Architect, implement, and maintain data ingestion and transformation pipelines using modern workflow orchestration tools (e.g. Dagster).
Identify, catalog, and integrate internal and external data sources used across research efforts.
Operationalize bioinformatics pipelines that support large-scale batch processing, incremental updates, and backfills within AWS.
Normalize and structure heterogeneous data into consistent, reusable representations that support downstream analysis, modeling, and querying.
Populate and maintain patient-centric data models in shared storage systems (e.g., graph and relational databases).
Collaborate with backend and AI engineers to design data-access patterns that support analytics applications and AI-driven interactions.
Contribute to backend services and APIs that expose integrated data to internal tools and applications.
Participate in the evolution of AI-enabled analysis workflows, including tooling that supports LLM
or agent-based interactions with data.
Contribute to system-level design decisions around data flow, service boundaries, reliability, and scalability.
Write clean, tested, and well-documented Python code that meets production software engineering standards.
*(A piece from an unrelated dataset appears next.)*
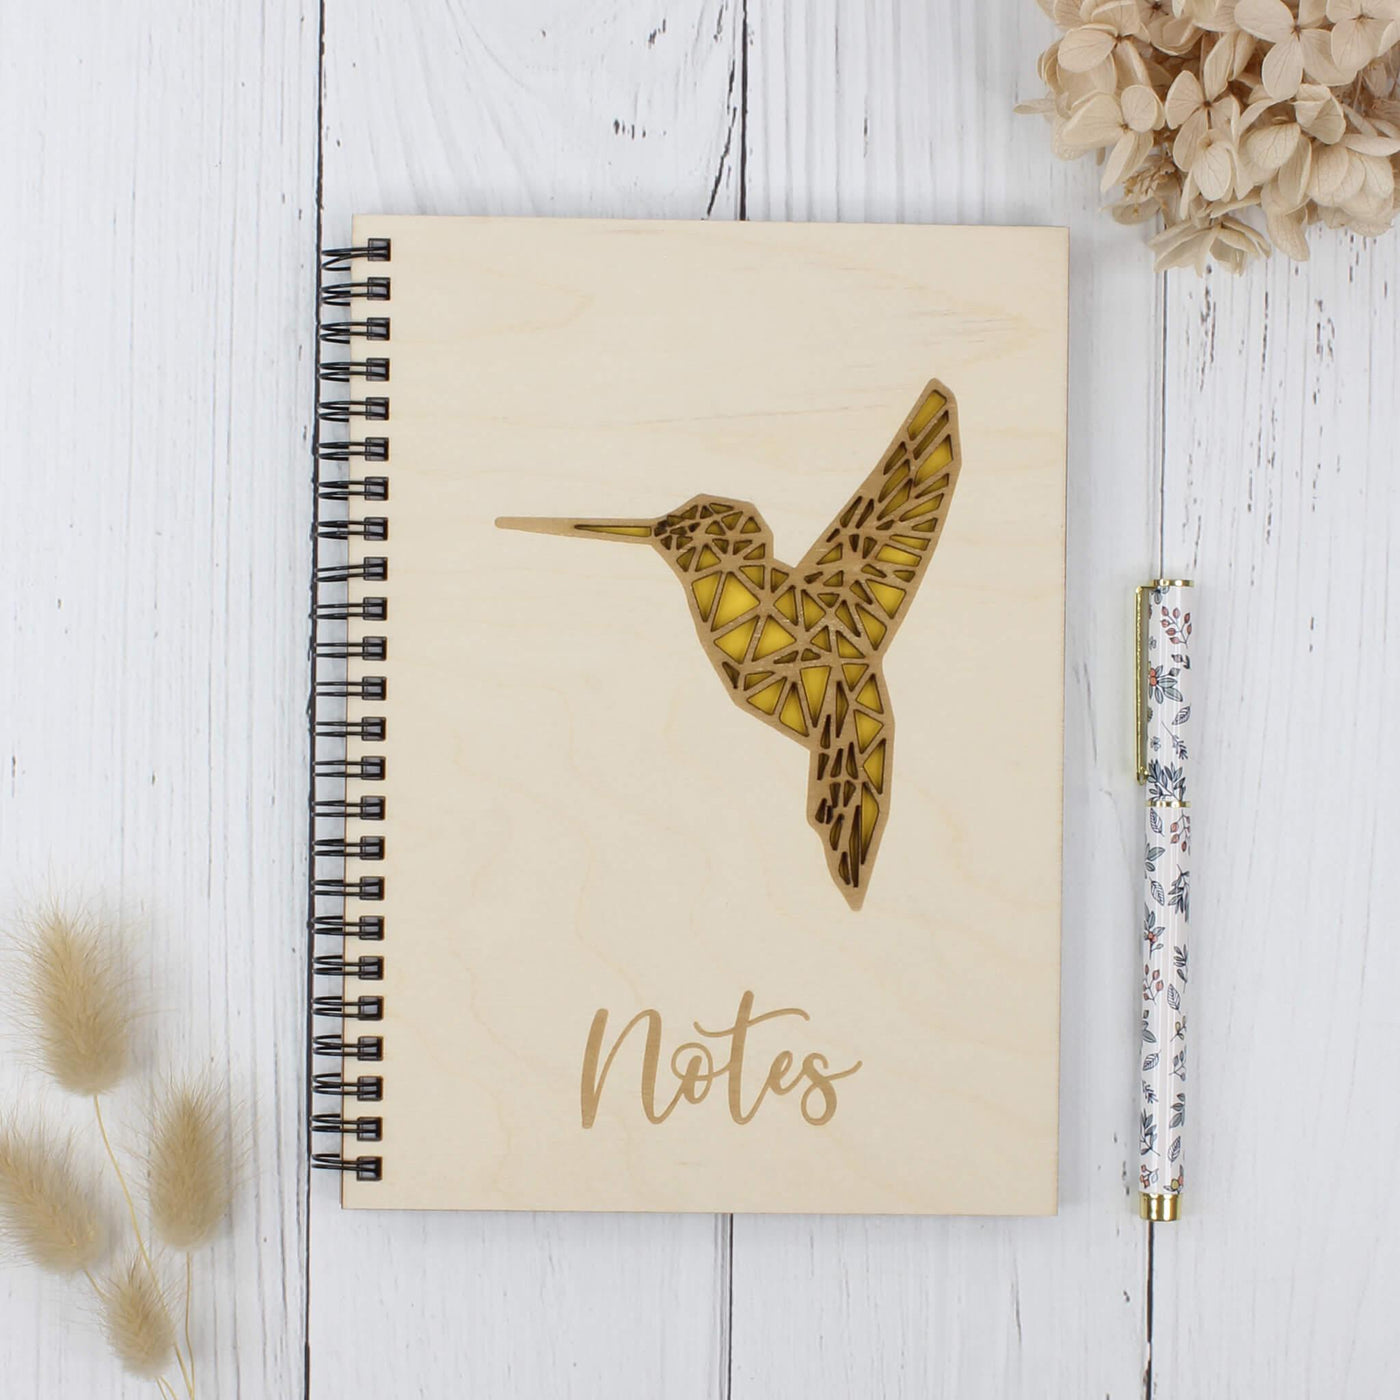 Personalised wooden notebook - hummingbird - yellow

Debug and resolve complex data quality, pipeline, backend, and infrastructure issues in a distributed environment.
Requirements
BS in Computer Science, Bioinformatics, Computational Biology, or a related field, MS preferred.
4+ years of experience in production data engineering or software engineering.
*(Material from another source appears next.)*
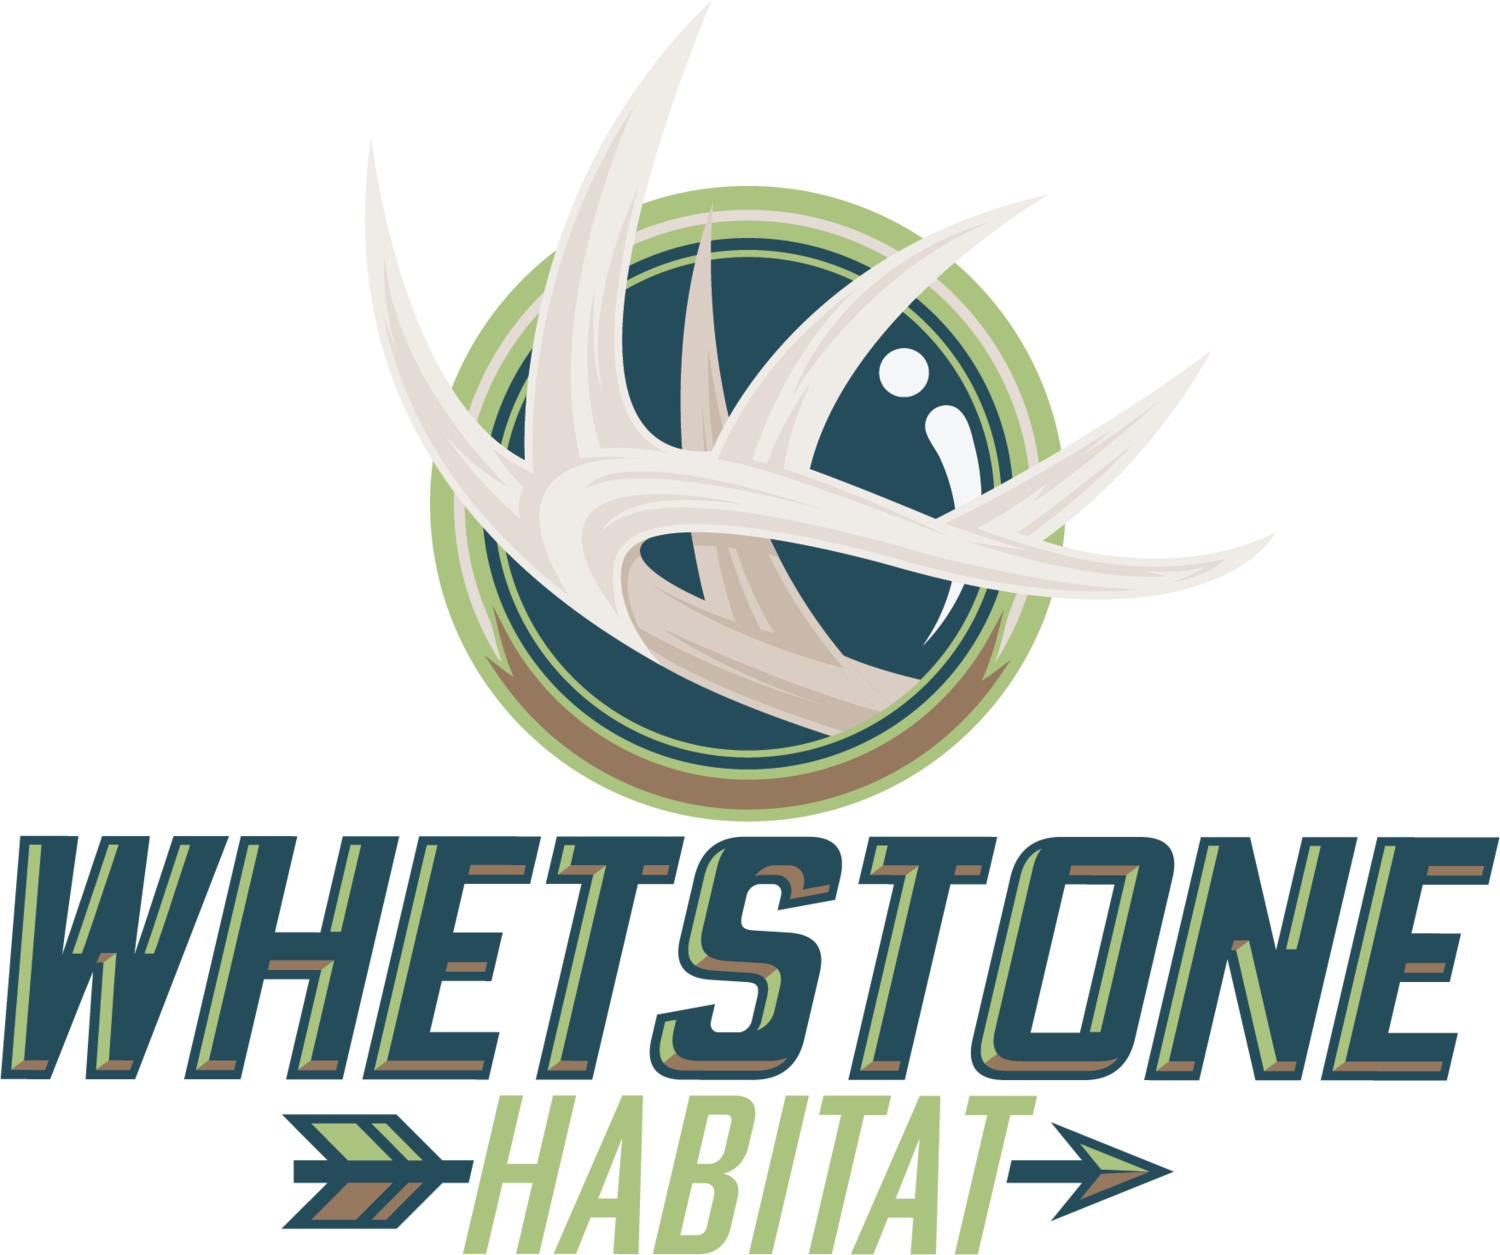 Whetstone Habitat LLC

Independently drive technical solutions from high-level goals, exercising judgment in system design, implementation, and tradeoff evaluation.
Strong proficiency in Python, with experience writing maintainable, production-quality code across data and backend contexts.
Extensive experience with software engineering fundamentals, design patterns, version control, CI/CD, Docker, and automated testing.
Experience designing and operating workflow orchestration systems (Dagster preferred; Airflow, Prefect, or similar acceptable).
Experience building or contributing to backend services (e.g., FastAPI or similar frameworks).
Hands-on experience with AWS services commonly used in data and backend systems (e.g., S3, ECS, Batch, Lambda).
Experience deploying and operating large-scale data or bioinformatics pipelines in AWS, including managing throughput, cost, and operational reliability.
Experience with relational databases (Postgres, MySQL) and/or graph databases (Neo4j), including schema and query design.
Experience contributing to system-level architecture, including data modeling, service boundaries, and operational robustness.
Ability to work effectively with scientists, bioinformaticians, and ML practitioners in an R&D environment.
Tech Stack
Airflow
AWS
Docker
MySQL
Neo4j
Postgres
Python
Benefits
Comprehensive medical, dental, vision, life and disability plans for eligible employees and their dependents.
Free testing for Natera employees and their immediate families in addition to fertility care benefits.